But the resorts/casino's in Tahoe are not "mega resorts" like many in Vegas, with large shopping malls or attractions attached.  They are more medium to smaller sized resorts with the large open areas being primarily dedicated to gaming.


----------



## palmowner (Feb 22, 2006)

Denise,

We can go any time from Oct to first week of Dec. just not before Oct... 
Carribean is a good option and if i can get something in late Nov - early Dec, probably hurricane season will be over by that time. What island / countries do you suggest will be best suited for our scenario??

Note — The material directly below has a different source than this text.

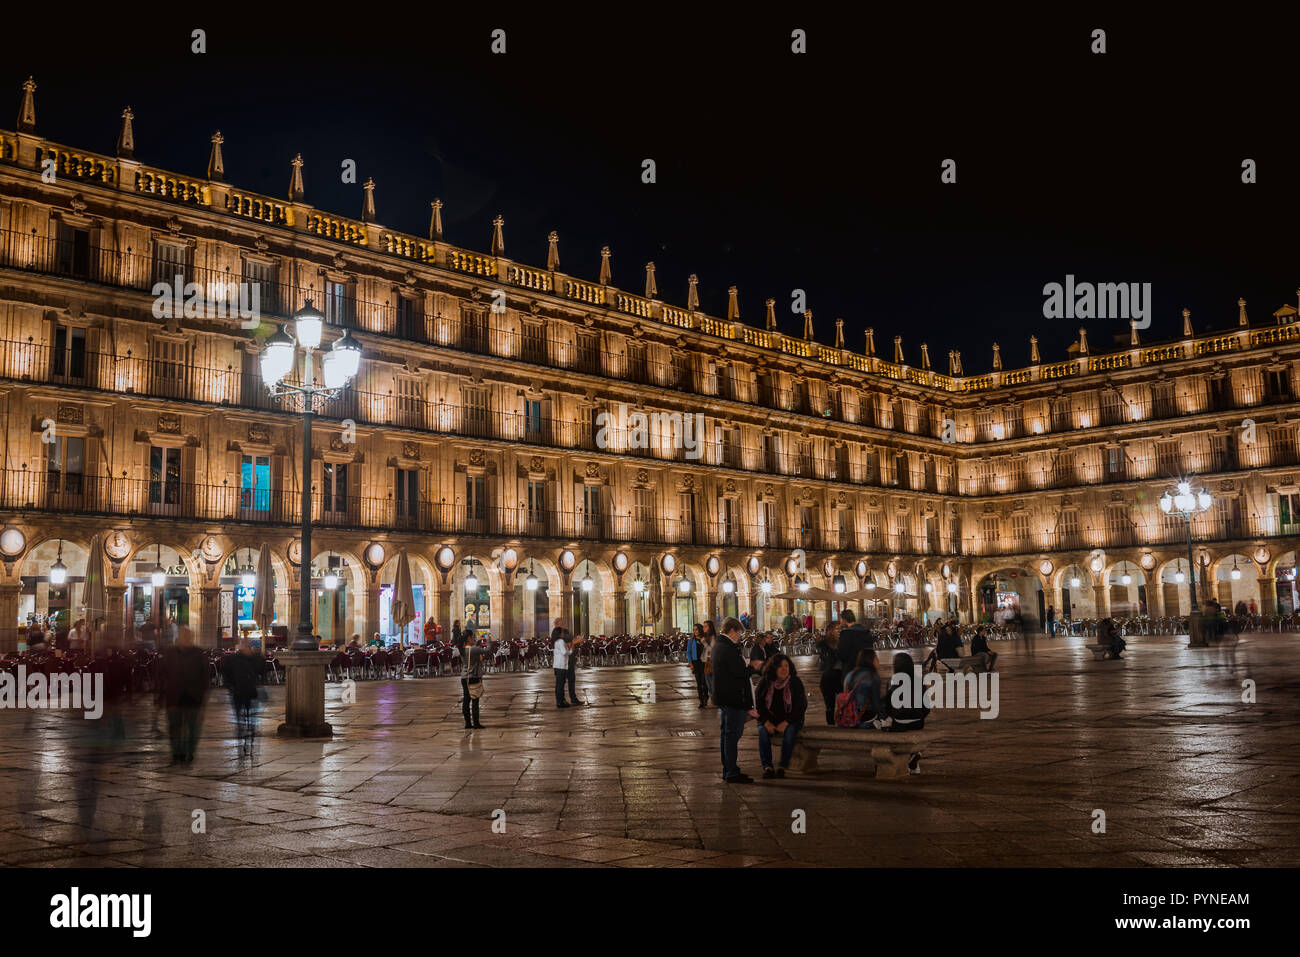 Blick auf die Plaza in der Nacht. Die Plaza Mayor, Hauptplatz, in Salamanca, Spanien, ist ein großer Platz im Zentrum von Salamanca, verwendet als öffentliche s Stockfoto

Our son (yes he is the first one) is actually 10 months old now.. so he'll be 17-18 months old by Nov.-Dec. He has started to walk and you are right on money with being opinionated. He want to do all things, explore by himself as he is becoming more and more aware of his surroundings...
All that said and done.. I am still willing to take the trip (probably 2 shorter flights than direct!!?) ....so make suggestions..

Thanks


----------



## riverdees05 (Feb 23, 2006)

When we have traveled with young grandchildren, they seems to do better on one flight vs. two flights.  Since you have to get to the airport 1 1/2 hours early to begin with, they are worn out by the time you get on the plane.  Then if they have another 1-2 wait in a layout, they peaked out.  Just something to think about.  They were boys, too.


----------